Das kastilische Erbe: Roman (German Edition)
Spaniens goldenes Zeitalter.
Und hatte sie nicht immer wieder Dinge im Traum gesehen, die dann plötzlich wahr geworden waren? Sie hatte nie mit jemandem darüber gesprochen. Vermutlich hatte sie schon als Kind geahnt, dass man ihr keinen Glauben schenken würde. Oder hatte sie diese wundervolle Gabe ganz allein für sich behalten wollen?
War es denn eine wundervolle Gabe? Isaura war sich nicht sicher. Was, wenn sie den Tod gesehen hätte? Wenn sie der alten Frau ihre Hoffnung hätte stehlen müssen. Hätte sie den Mut aufgebracht, ihr die Wahrheit zu sagen? Isaura wusste es nicht.
Es war bereits Mittag, als Isaura das Krankenhaus erreichte. Sie hatte hin und her überlegt, wie sie nach Valladolid kommen sollte. Den freundlichen Anwalt noch einmal um Hilfe zu bitten scheute sie sich. Und ganz sicher würde sie sich auch nicht an den Comisario wenden. Ein Taxi? Nein, auf Dauer wurde das zu teuer. Ein neuer Mietwagen? Doch woher einen nehmen? In Tordesillas gab es vermutlich keine Autovermietung.
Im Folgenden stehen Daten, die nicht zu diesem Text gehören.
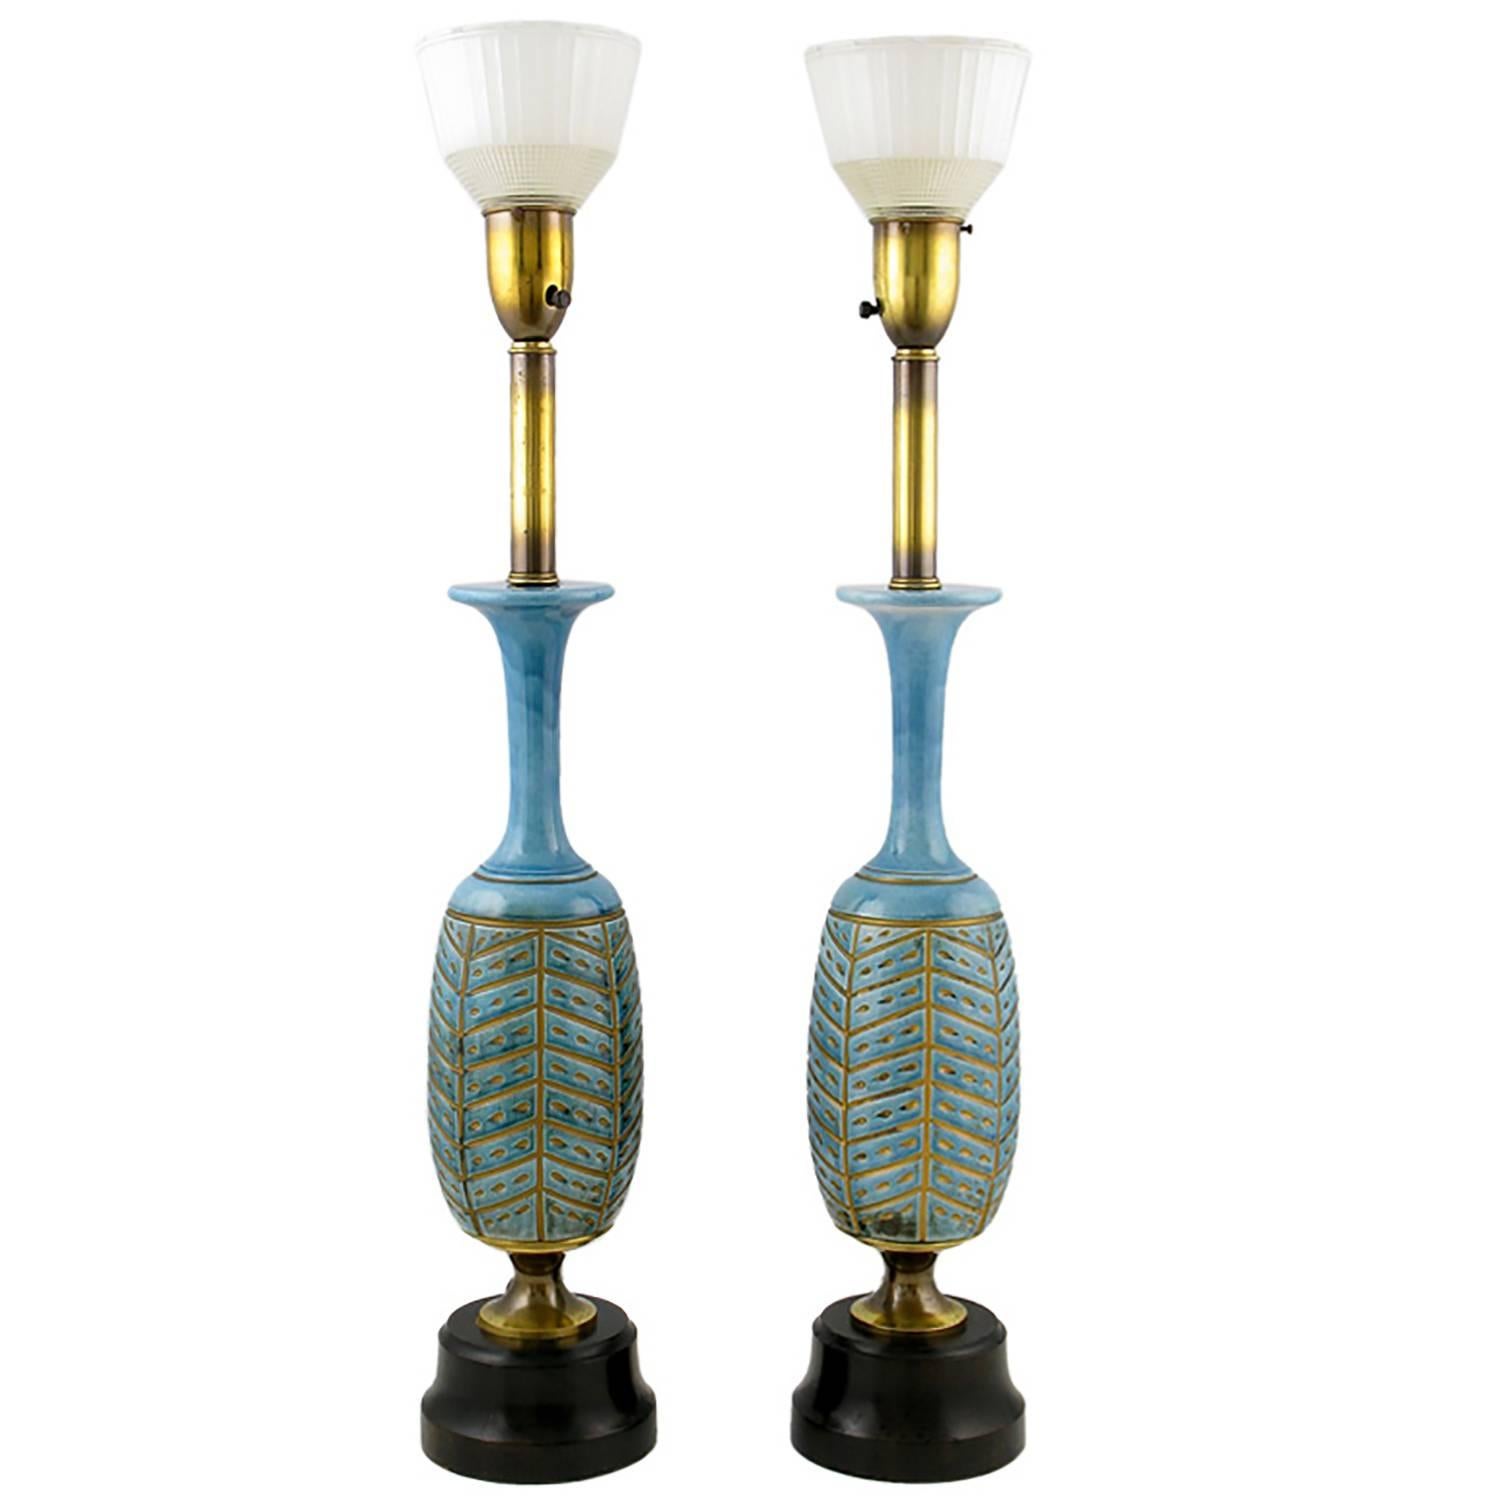 Statuesque pair of beautifully glazed baluster-form ceramic table lamps with impressed and gilt herringbone design. Ebonized wood base and original clear and milk glass diffusers. Attributed to Rembrandt Lamps, due to the style of diffuser and brass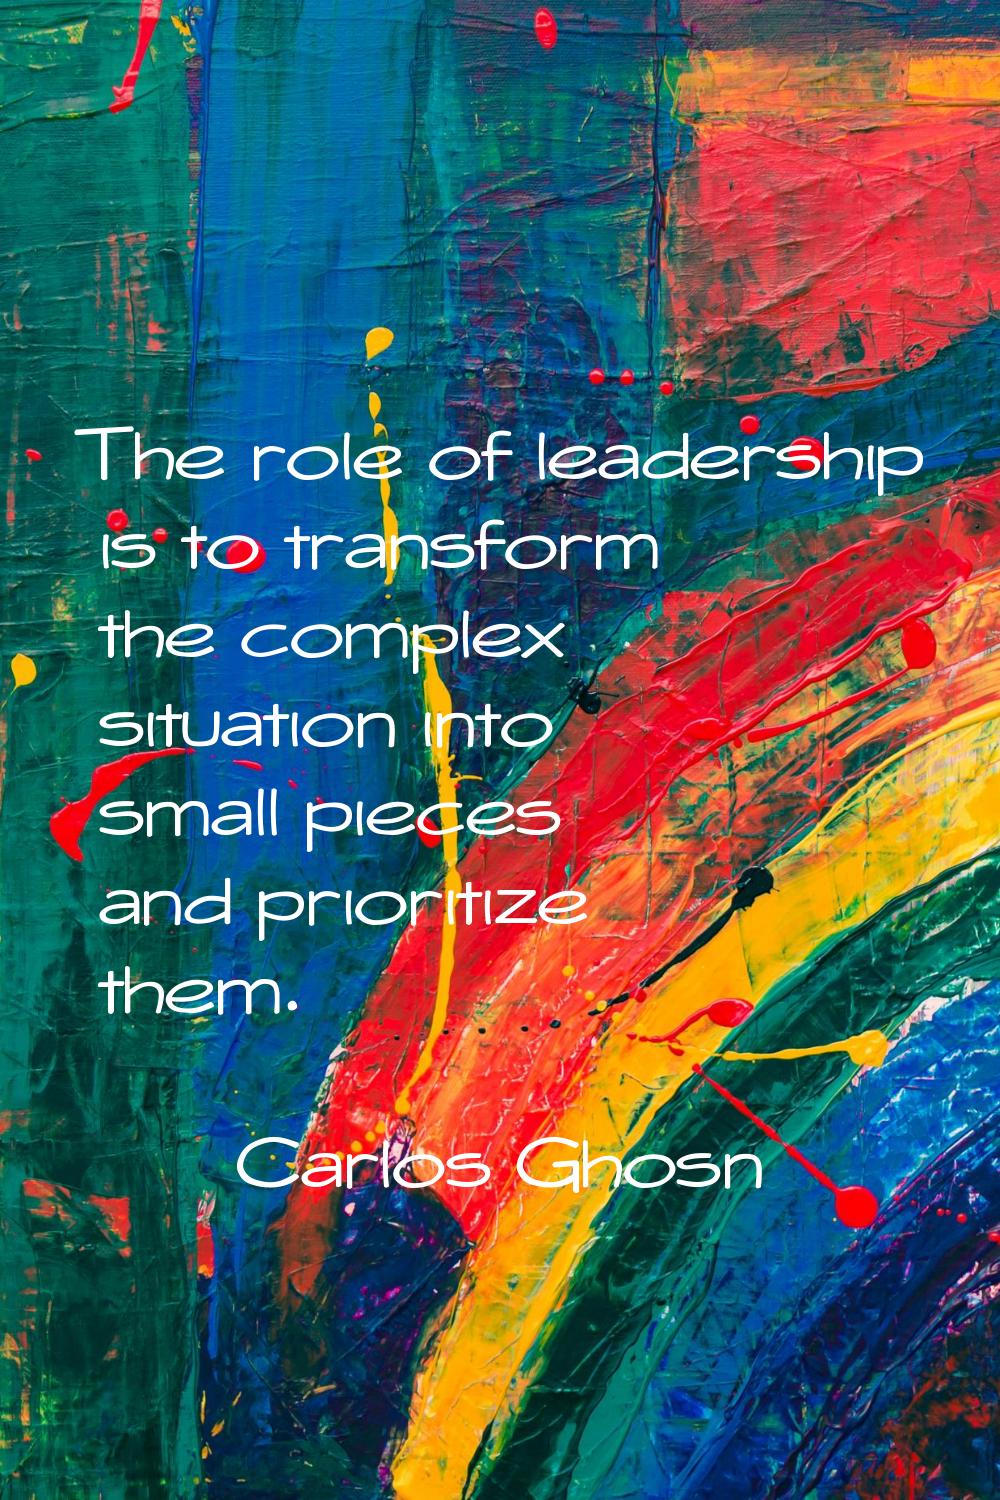 The role of leadership is to transform the complex situation into small pieces and prioritize them.

Wenn, dann musste sie sich in Valladolid umsehen, wobei sie wieder am Anfang ihrer Überlegung angelangt war: Wie kam sie jetzt dorthin?
Isauras Blick blieb an dem Wagenschlüssel hängen, der in einer Keramikschale in der Küche lag. Er gehörte sicher zu dem alten Auto im Schuppen draußen. Ein Oldtimer, der Justus sogar Worte der Anerkennung entlockt hatte – auch wenn der natürlich nicht darauf verzichten konnte, den schlechten Zustand des Sammlerstücks zu bemängeln. Ob dieser Wagen aus den Sechzigerjahren wohl noch fahrtüchtig war?
Nun, das sollte sie doch herausfinden können! Isaura griff sich den Schlüssel und ging zum Schuppen hinüber. Es kostete sie einige Kraftanstrengung, bis sie die beiden Tore offen hatte, die sich nur widerstrebend in ihren verrosteten Angeln bewegen ließen. Mit einem alten Tuch wischte sie den Staub von der Motorhaube und dem Kofferraum des Wagens, dessen Lackfarbe sich daraufhin als dunkelrot entpuppte. Das Stoffverdeck, das zahlreiche schlammige Abdrücke von Katzenpfoten zierte, wirkte brüchig und hatte einen Riss. Isaura beschloss, es lieber gleich zu öffnen, ehe es während der Fahrt zu einem Unglück kam. Nein, von Unglücken hatte sie genug!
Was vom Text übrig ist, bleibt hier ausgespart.